Machine Learning

Supervised Learning: Classification / Recommendation Systems


7. Recommendation Systems

A Recommendation System predicts the preference or rating a user would give to an item. They are widely used in e-commerce (Amazon) and streaming (Netflix, Spotify).

1. Content-Based Filtering

Recommends items similar to those a user has liked in the past, based on item attributes (features).

Core Idea: "If you liked item A, and item B is similar to A, you will like item B."

How it works:
  1. Build an item profile (e.g., genre, director for movies).
  2. Build a user profile based on items they interacted with.
  3. Compute similarity using Cosine Similarity.
cos(θ) = (A · B) / (||A|| × ||B||)

2. Collaborative Filtering

Recommends items based on the preferences and behaviors of similar users, without using item features.

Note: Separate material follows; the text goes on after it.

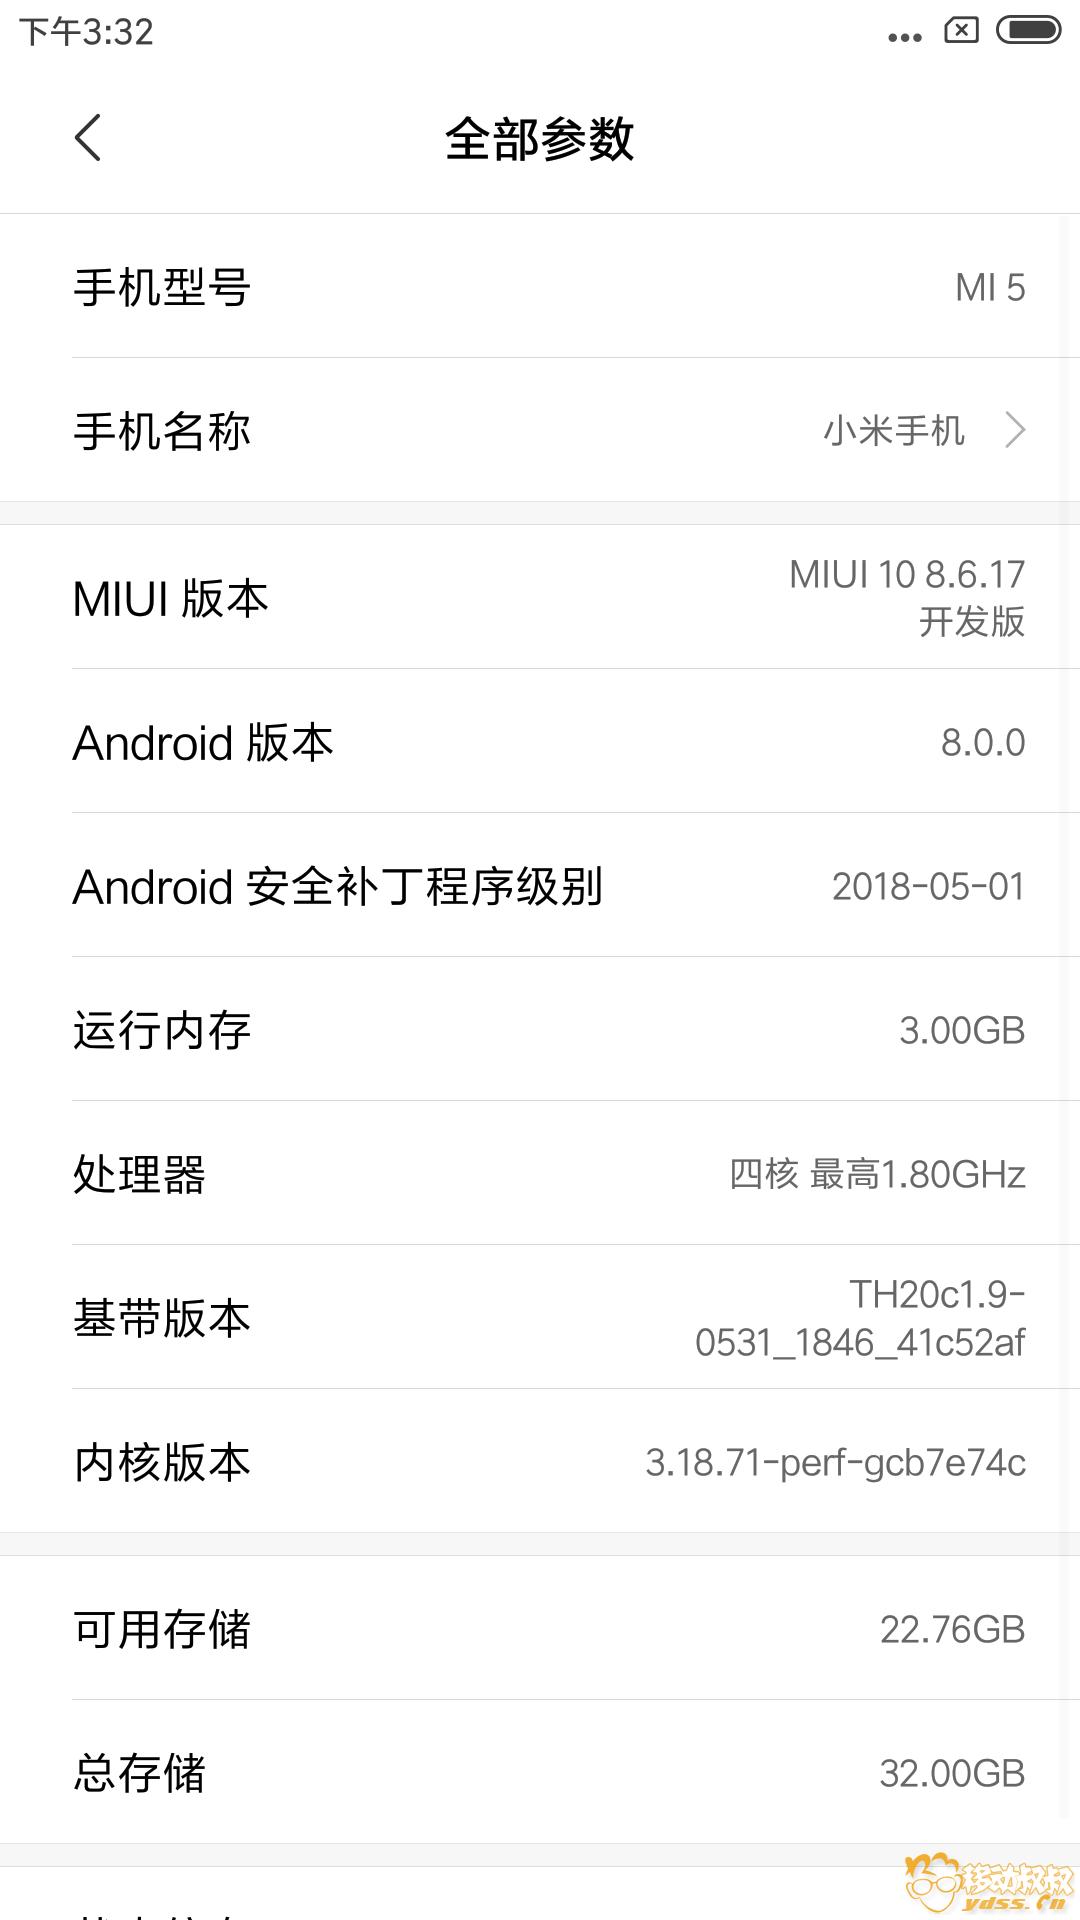 Screenshot_2018-06-17-15-32-51-292_com.android.settings.png

Core Idea: "Users who liked the same items as you in the past will likely have similar tastes for new items."

User-Based CF Algorithm
  1. Find users similar to the active user using Pearson correlation or Cosine similarity on their rating vectors.
  2. Identify items liked by these similar users but not yet seen by the active user.
  3. Predict the rating for these unseen items by taking a weighted average of the similar users' ratings.
  4. Recommend the items with the highest predicted ratings.
Model-Based CF (Matrix Factorization)

Represents the user-item rating matrix as a product of two lower-dimensional matrices. R ≈ U × Vᵀ.

3. Hybrid Filtering

Combines both approaches to overcome individual limitations (like the cold-start problem). Examples include Netflix, which uses matrix factorization (collaborative) along with genre/cast features (content).